Lets look at all these features one by one:
Data Types
You can now either use Ruby Arrays or NMatrix as the underlying implementation. Since NMatrix is fast and makes use of C storage, it is recommended to use nmatrix when dealing with large sets of data. Daru will store any data as Ruby Array unless explicitly specified.
Thus to specify the data type of a Vector use the option :dtype
and either supply it with :array
or :nmatrix
, and if using the NMatrix dtype, you can also specify the C data type that NMatrix will use internall by using the option :nm_dtype
and supplying it with one of the NMatrix data types (it currently supports ints, floats, rationals and complex numbers. Check the docs for further details).
As an example, consider creating a Vector which uses NMatrix underneath, and stores data using the :float64
NMatrix data type, which stands for double precision floating point numbers.

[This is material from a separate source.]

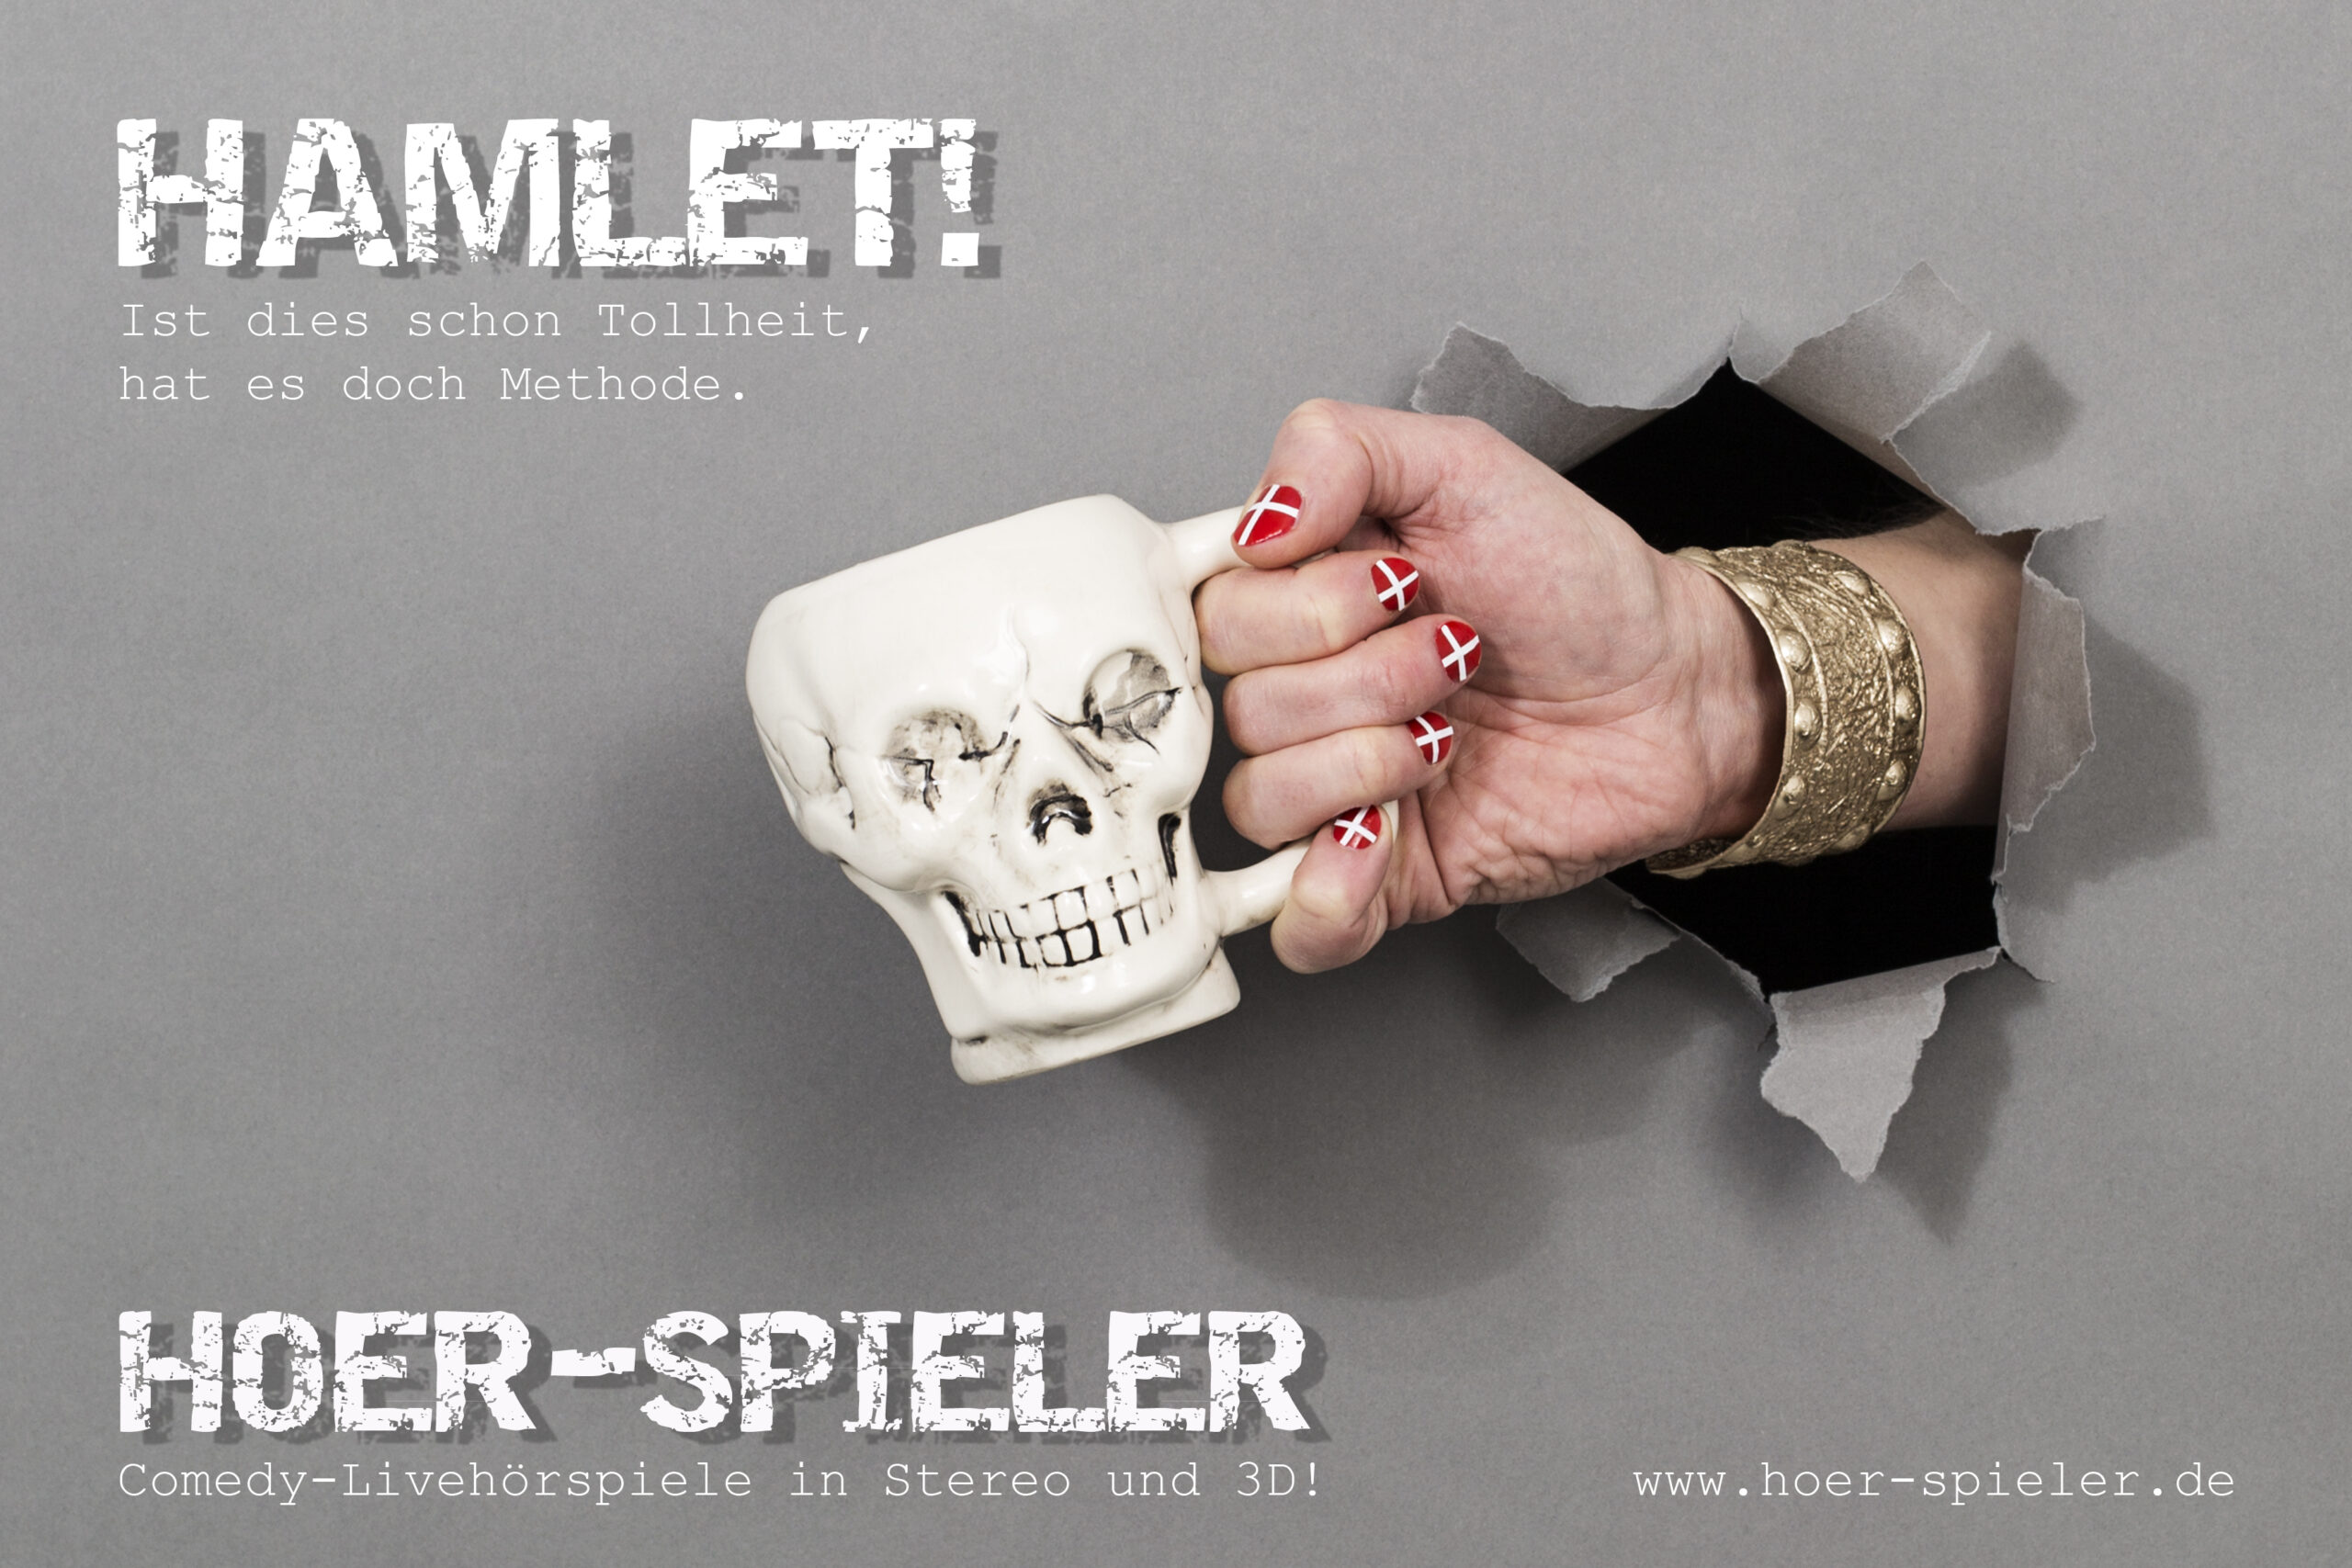 Die Hoer-Spieler knöpfen sich „Hamlet“ vor – Heute Premiere für Comedy-Livehörspiel

v = Daru::Vector.new([1.44,55.54,33.2,5.6],dtype: :nmatrix, nm_dtype: :float64)
# nil
# 0 1.44
# 1 55.54
# 2 33.2
# 3 5.6
v.dtype #=> :nmatrix
v.type #=> :float64
Another distinction between types of data that daru offers is :numeric
and :object
. This is a generic feature for distinguishing numerical data from other types of data (like Strings or DateTime objects) that might be contained inside Vectors or DataFrames. These distinctions are important because statistical and arithmetic operations can only be applied on structures with type numeric.
To query the data structure for its type, use the #type
method. If the underlying implemetation is an NMatrix, it will return the NMatrix data type, otherwise for Ruby Arrays, it will be either :numeric
or :object
.
v = Daru::Vector.new([1,2,3,4], dtype: :array)
v.type #=> :numeric
Thus Daru exposes three methods for querying the type of data:
#type
- Get the generic type of data to know whether numeric computation can be performed on the object. Get the C data type used by nmatrix in case of dtype NMatrix.#dtype
- Get the underlying data representation (either :array or :nmatrix).
Working with Missing Data
Any data scientist knows how common missing data is in real-life data sets, and to address that need, daru provides a host of functions for this purpose. This functionality is still in its infancy but should be up to speed soon.
The #is_nil?
function will return a Vector object with true
if a value is nil
and false
otherwise.
v = Daru::Vector.new([1,2,3,nil,nil,4], index: [:a, :b, :c, :d, :e, :f])
v.is_nil?
#=>
##<Daru::Vector:93025420 @name = nil @size = 6 >
# nil
# a nil
# b nil
# c nil
# d true
# e true
# f nil
The #nil_positions
function returns an Array that contains the indexes of all the nils in the Vector.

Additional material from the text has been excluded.